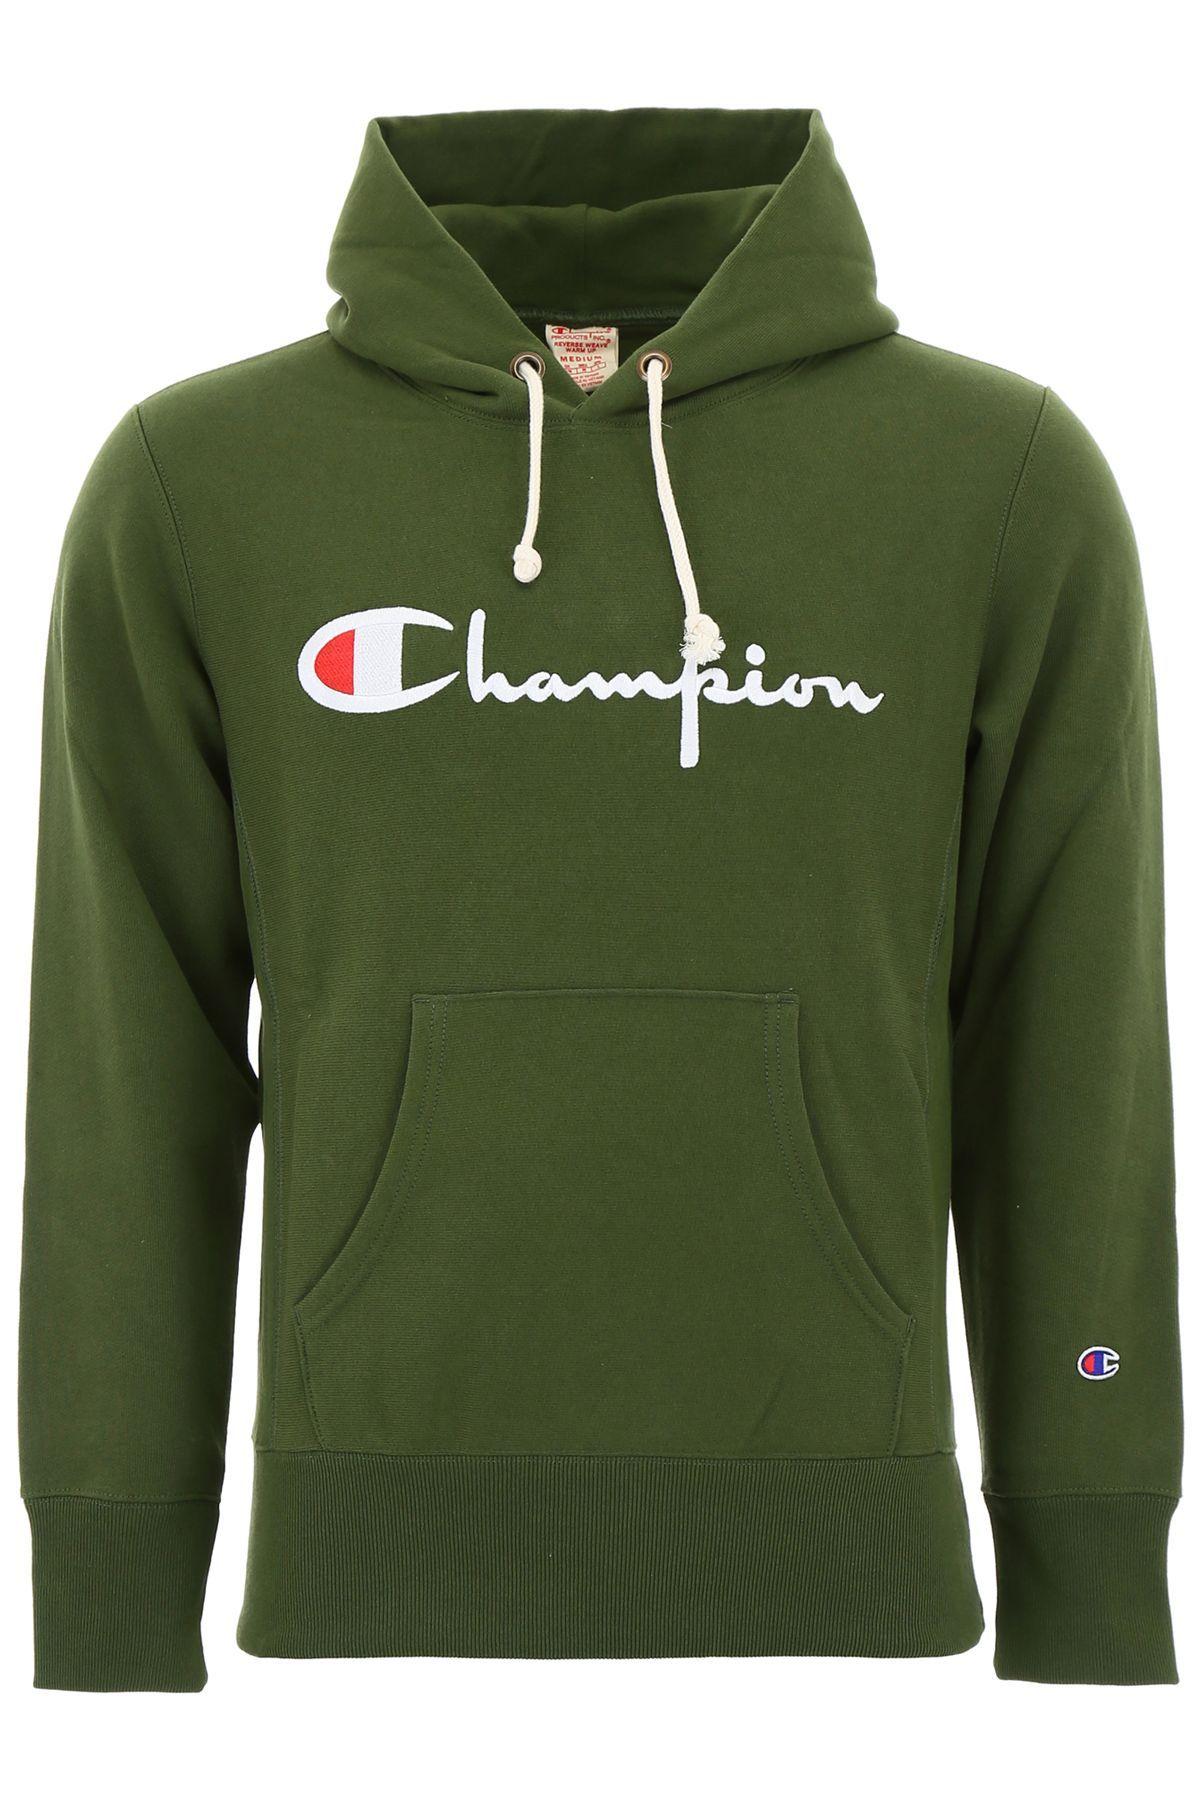 Champion Hoodie In Baf Modesens Champion Hoodie Hoodies Champion Clothing [ 1800 x 1200 Pixel ]
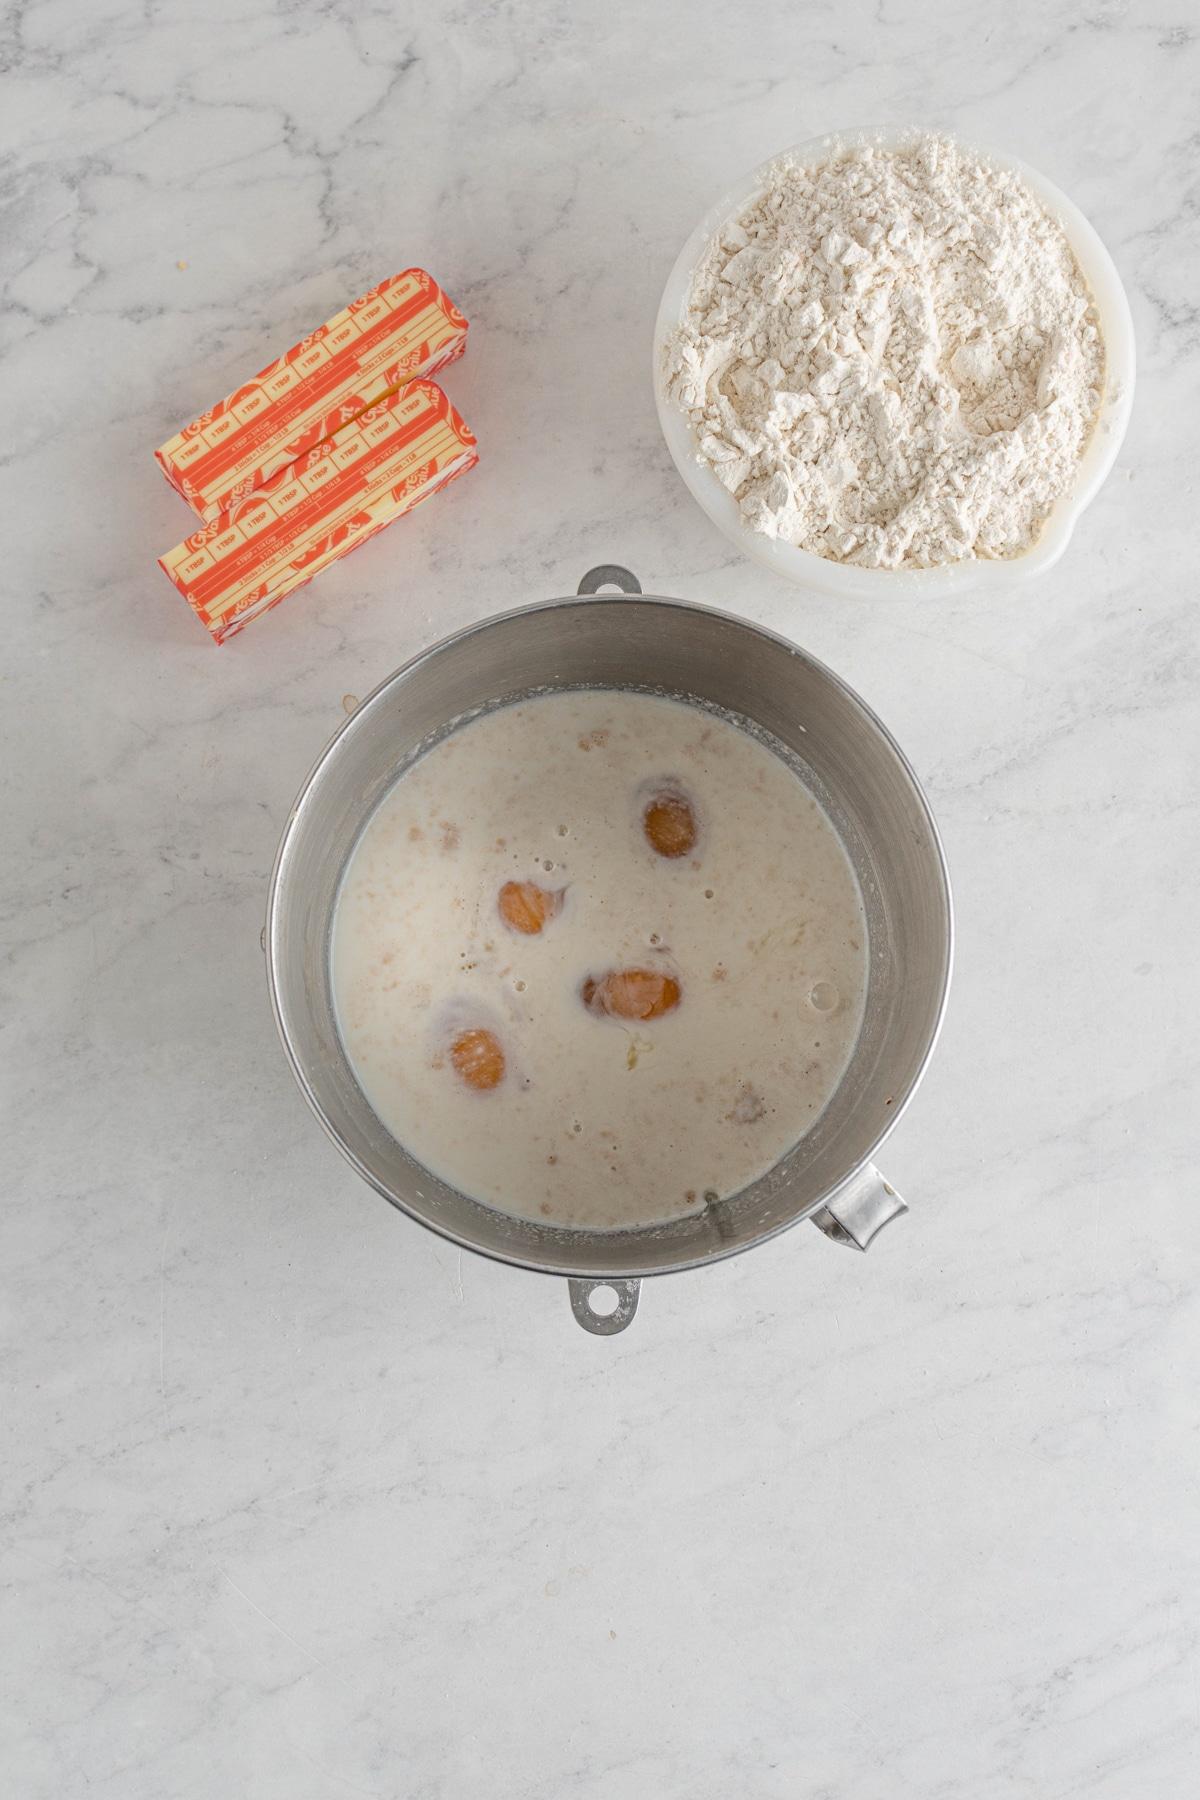 milk warmed in a metal bowl
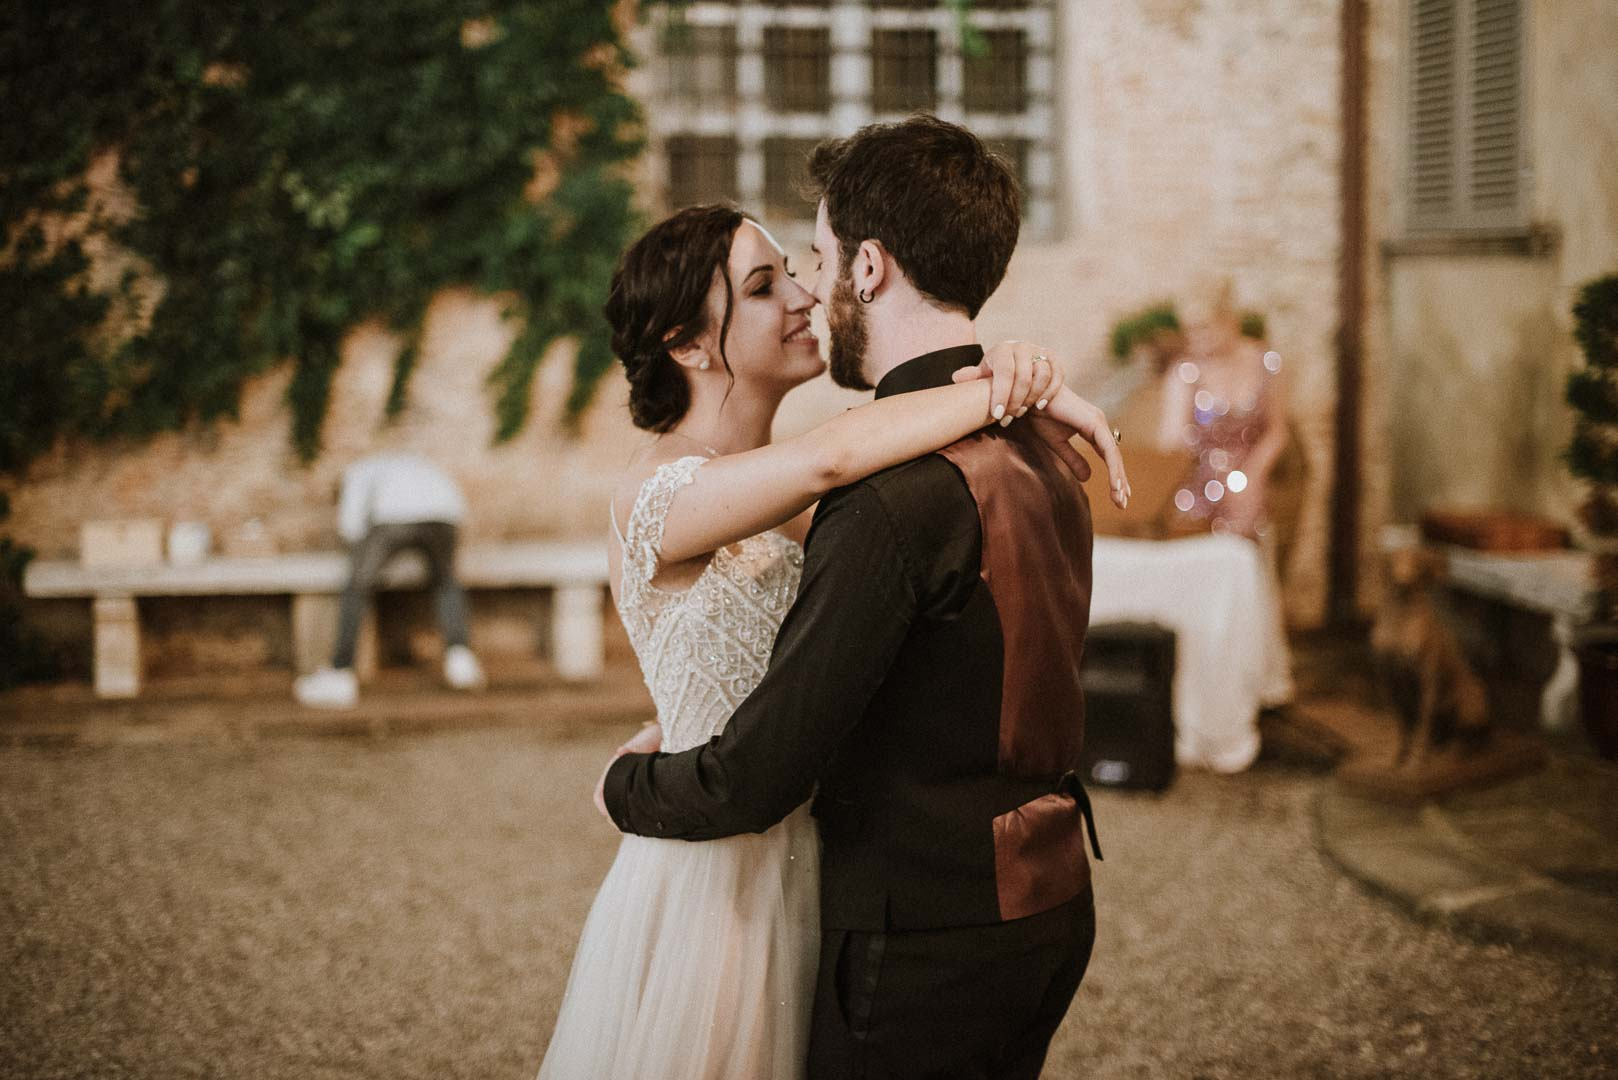 wedding-photographer-destination-fineart-bespoke-reportage-tuscany-villascorzi-vivianeizzo-spazio46-179
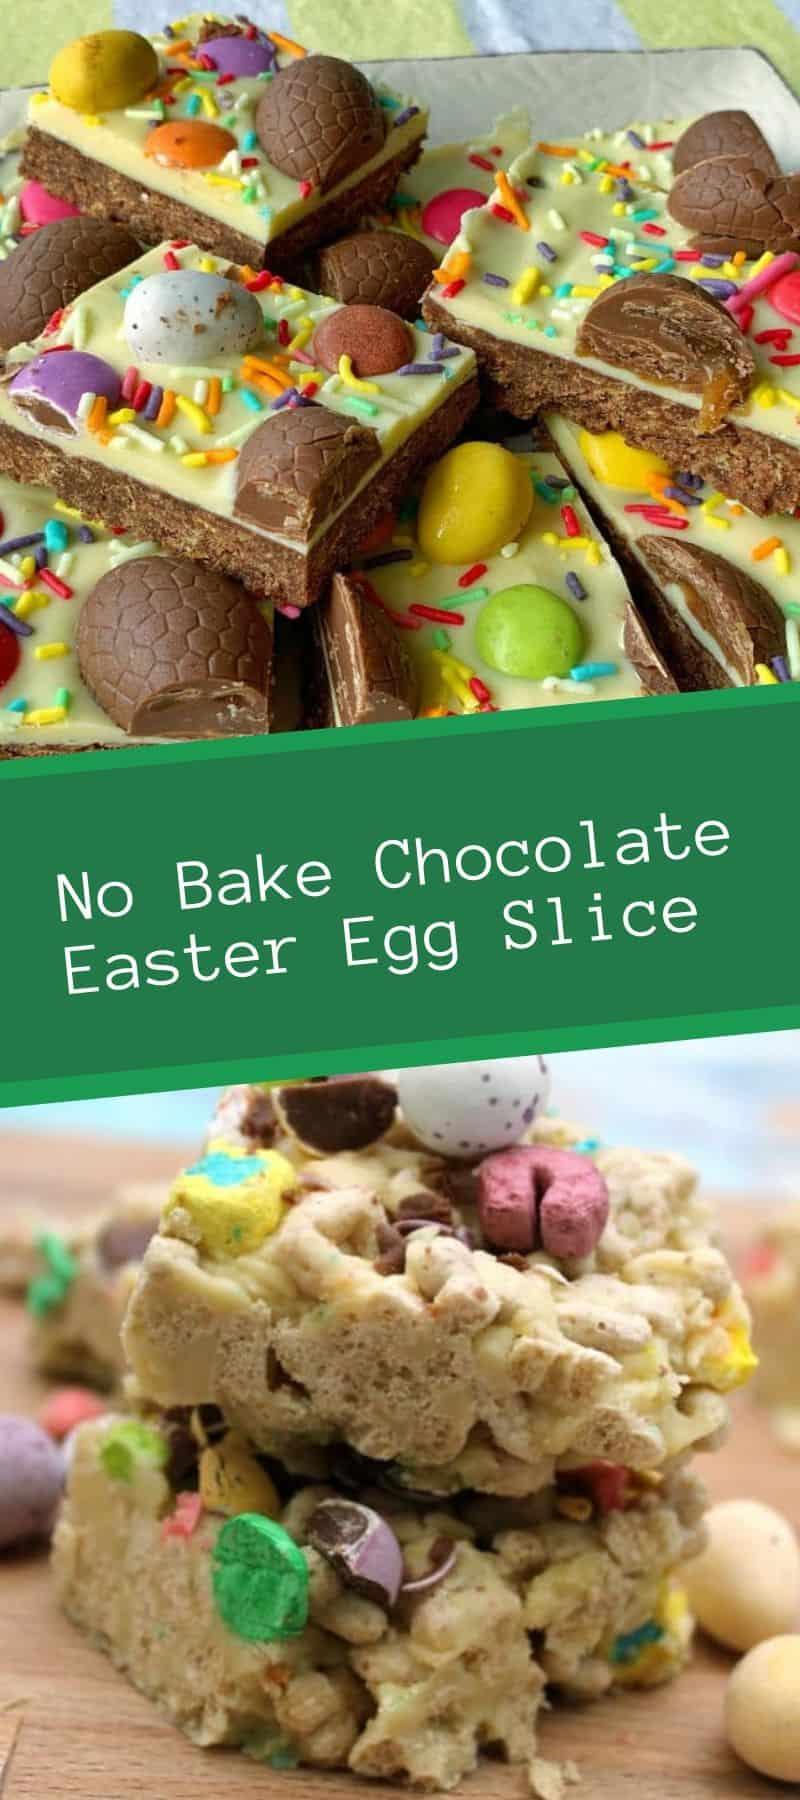 No Bake Chocolate Easter Egg Slice Recipe 3

******

§ Task objective: Please retype the whole of the data precisely, omitting pictures.

§ Finished exercise:
 Champion Hoodie In Baf Modesens Champion Hoodie Hoodies Champion Clothing [ 1800 x 1200 Pixel ]
 milk warmed in a metal bowl
 wedding-photographer-destination-fineart-bespoke-reportage-tuscany-villascorzi-vivianeizzo-spazio46-179
 No Bake Chocolate Easter Egg Slice Recipe 3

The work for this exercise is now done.